World of opportunity at this year’s Dowerin GWN7 Machinery Field Days

Dorothy HendersonCountryman
Crowds gather at the 2019 Dowerin GWN7 Machinery Field Days.
Camera IconCrowds gather at the 2019 Dowerin GWN7 Machinery Field Days. Credit: Kate Drennan Photography

This year’s Dowerin GWN7 Field Days offer a “world of opportunity” to those who attend, and those who are involved in making it into WA’s largest agricultural field day event.

While this year’s theme is an expansive one, it accurately encompasses so much that the field days deliver.

In 1964, the first field days were held as a fundraiser to water the town’s football oval and tennis courts. They provided the opportunity for local groups to enjoy their sports. Since then, fundraising for the Wheatbelt community has been at the core of the event’s existence.

Not only does the event provide exhibitors with the opportunity to connect with people, but it also provides the community with the chance to support and strengthen itself.

According to Dowerin farmer and Dowerin GWN7 Field Days board chair Ash Jones, the field days are all about opportunity.

Ash Jones.
Camera IconAsh Jones. Credit: Cally Dupe

He said that in the light of the COVID-19 pandemic that has isolated people on and off during 2020 and 2021, this year’s field days provide people with the opportunity to catch up with other, in person.
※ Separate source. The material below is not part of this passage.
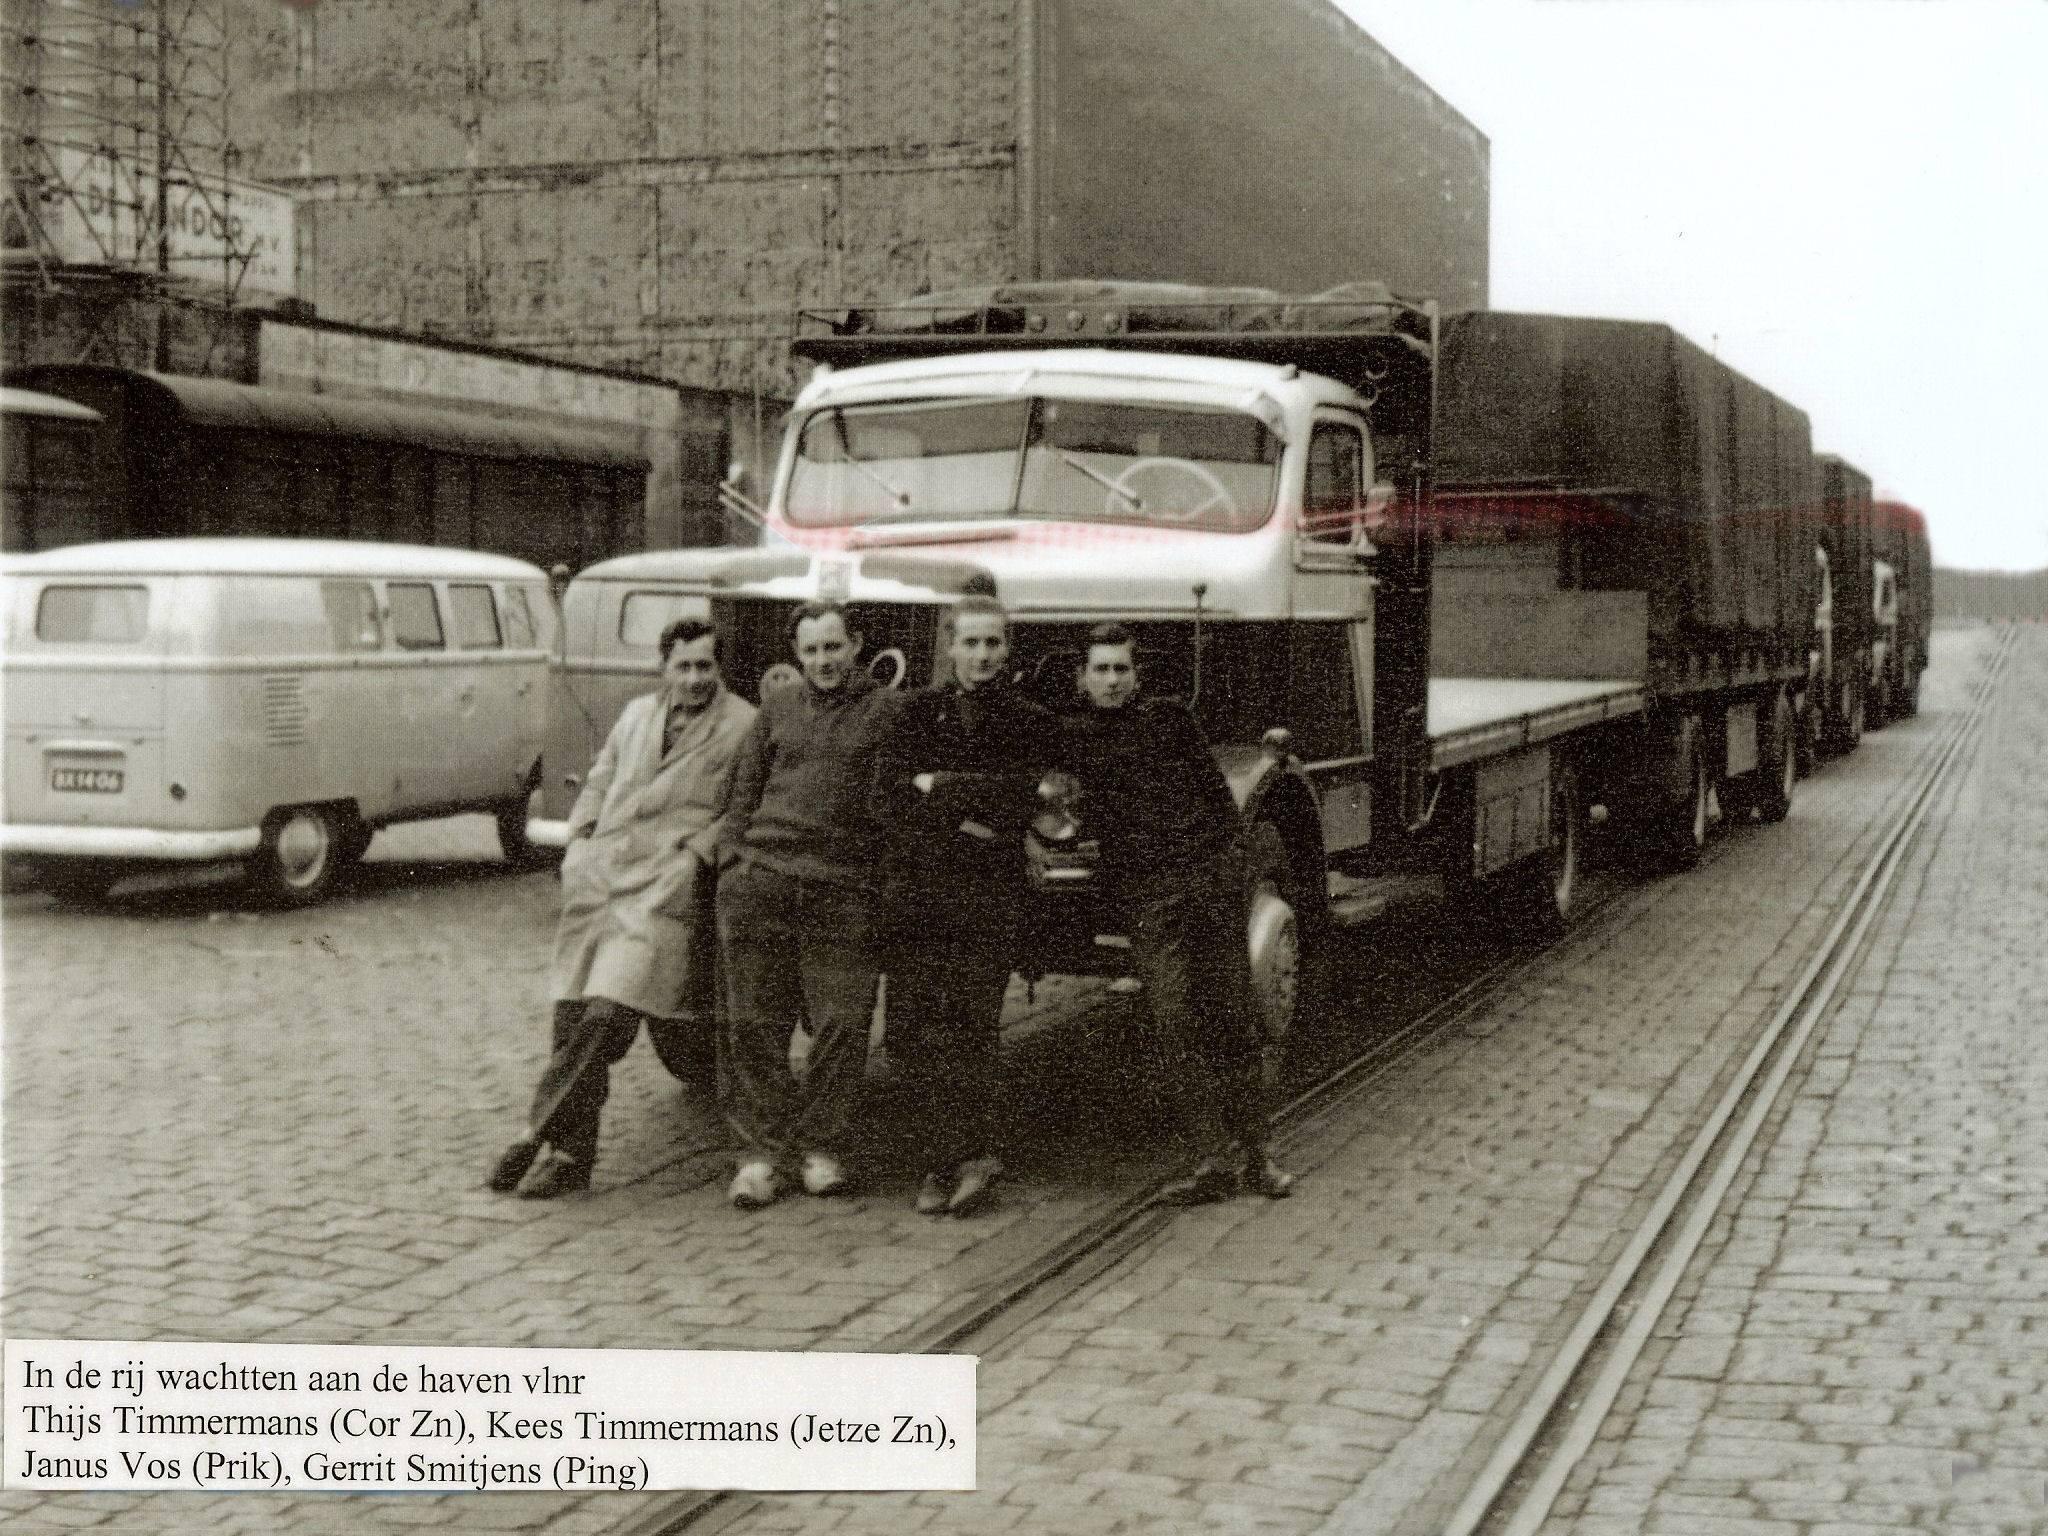 Timmermans-Transport-Veen-John-van-Andel-archief-2

“In my mind, the COVID-19 pandemic highlighted the opportunity for connection in the virtual world, our communications changed while we were in lockdown, and I see that provided a lot of opportunity to learn how to do things differently,” Mr Jones said.

“But we still need these events: people need to see each other, to smell, feel and touch things,” he said.

Mr Jones said that events like Dowerin’s own field days provided people with no connection with the regional areas of WA with a reason to visit.

“So many people in the city no longer have a connection in the country, and they may never have a reason to come out here,” Mr Jones said.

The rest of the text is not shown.